Die anfängliche Jahreskapazität am Standort Blohm+Voss liegt bei rund 200 Einheiten. Naval-Systems-CEO Tim Wagner zufolge lässt sich die Fertigung bei entsprechender Auftragslage auf bis zu 1.000 Einheiten jährlich steigern – bei Dreischichtbetrieb. Rheinmetall hatte die Übernahme des Marineunternehmens NVL, zu dem auch Blohm+Voss gehört, Anfang März 2026 abgeschlossen. Verkäufer war die Bremer Werftengruppe Lürssen. Der Standort soll zum nationalen Leit- und Technologiezentrum für unbemannte und autonome maritime Systeme ausgebaut werden.

Kraken Technology Group bringt in das Gemeinschaftsunternehmen technologisches Know-how aus der Entwicklung leistungsstarker Hochgeschwindigkeitsboote ein, während Rheinmetall Naval Systems die industriellen Fertigungs- und Integrationskapazitäten stellt.

Kraken Technology Group: Wachsender Auftragsbestand

Die Partnerschaft mit Rheinmetall fügt sich in eine Serie von Vertragsabschlüssen des britischen Unternehmens ein. Im März 2026 erhielt Kraken Technology Group vom britischen Verteidigungsministerium einen Auftrag im Wert von 12,3 Millionen Pfund zur Lieferung von 20 USV für die Royal Navy.
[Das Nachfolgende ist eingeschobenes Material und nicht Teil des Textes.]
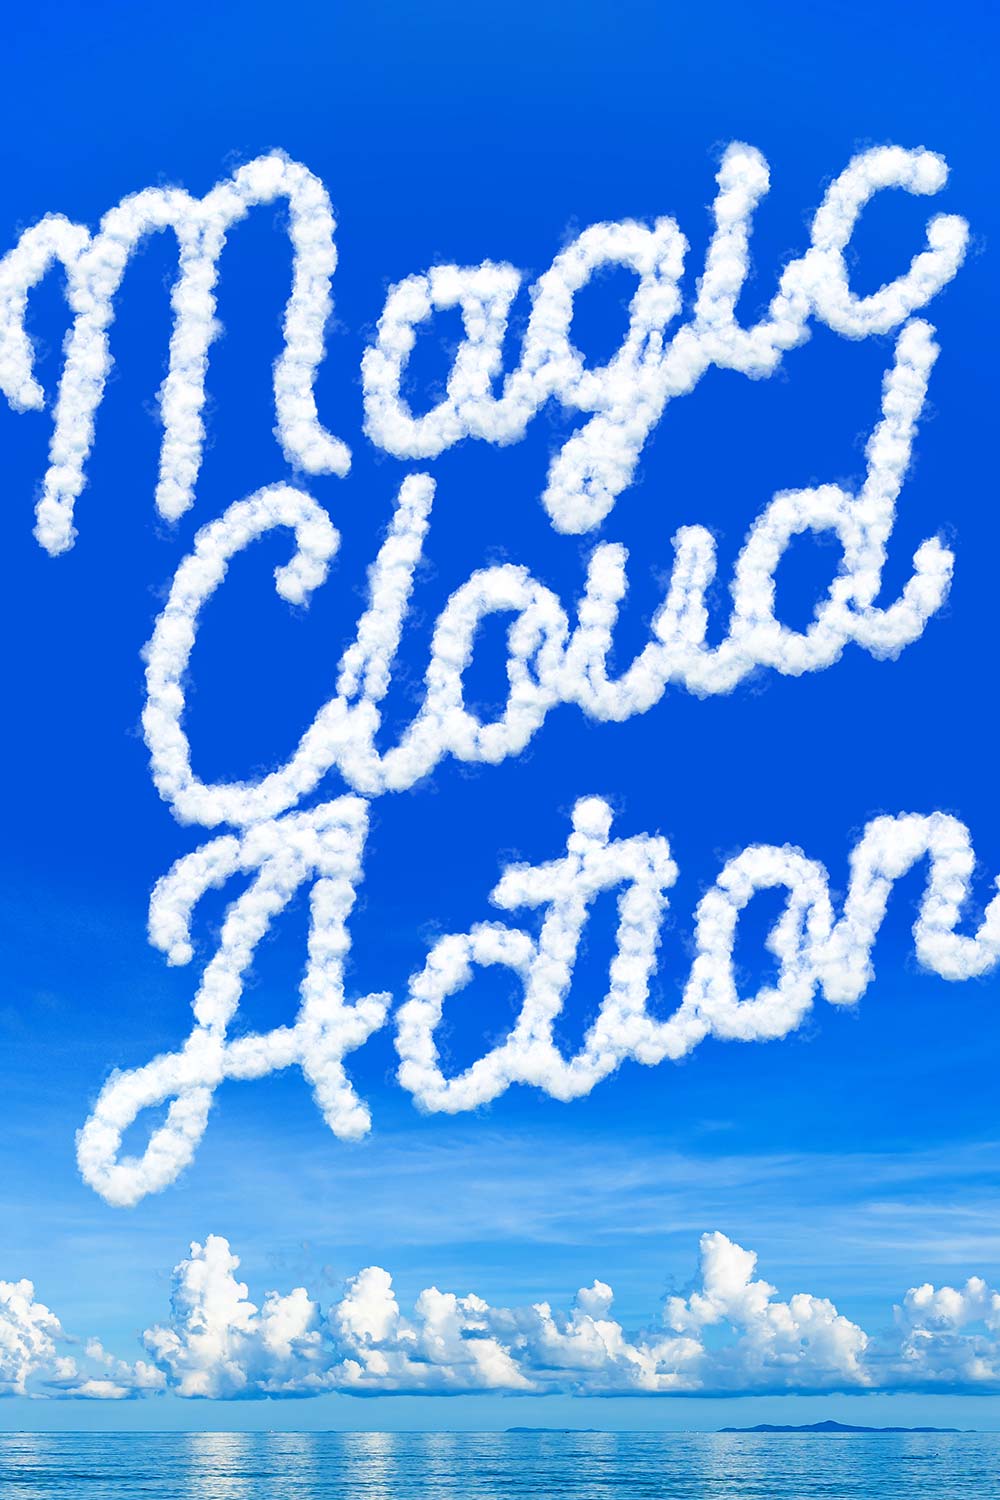 Cloud Photoshop Action pinterest preview image.

Die Boote sollen im Rahmen des sogenannten Project Beehive unter anderem beim 47 Commando Royal Marines für Ausbildung und taktische Entwicklung eingesetzt werden. 
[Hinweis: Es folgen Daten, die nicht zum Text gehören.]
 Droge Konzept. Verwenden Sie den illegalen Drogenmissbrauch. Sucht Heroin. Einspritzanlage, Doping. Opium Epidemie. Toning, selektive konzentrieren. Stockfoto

Bereits im November 2025 hatte das Unternehmen von der US Special Operations Command (USSOCOM) einen Auftrag über bis zu 49 Millionen US-Dollar erhalten, um neue unbemannte Oberflächen- und Unterwasserfahrzeugtechnologien zu entwickeln. Kraken hat damit innerhalb kurzer Zeit Kunden in Großbritannien, den USA und im NATO-Umfeld gewonnen.

Wachsender Markt für maritime Drohnen

Der Produktionsstart in Hamburg spiegelt einen breiteren internationalen Trend wider. Mehrere NATO-Staaten investieren derzeit in unbemannte Marineplattformen, um ihre konventionellen Flotten zu ergänzen. Die US Navy hat im Rahmen ihres sogenannten „Golden Fleet“-Programms Mittel in Höhe von rund 2,1 Milliarden US-Dollar für mittlere USV eingeplant, um die Fähigkeiten ihrer Flotte zu erweitern. 

Perspektivisch plant Rheinmetall Naval Systems auch die Fertigung größerer Einheiten in Hamburg. CEO Tim Wagner nannte dabei ein sogenanntes Drohnenmutterschiff vom Typ NTV 130, das bis zu 20 K3-Boote transportieren und einsetzen könnte. Die Konstruktionsunterlagen seien abgeschlossen. 

Neben militärischen Anwendern zeigen dem Vernehmen nach auch internationale Behörden- und Sicherheitskunden Interesse an den Systemen.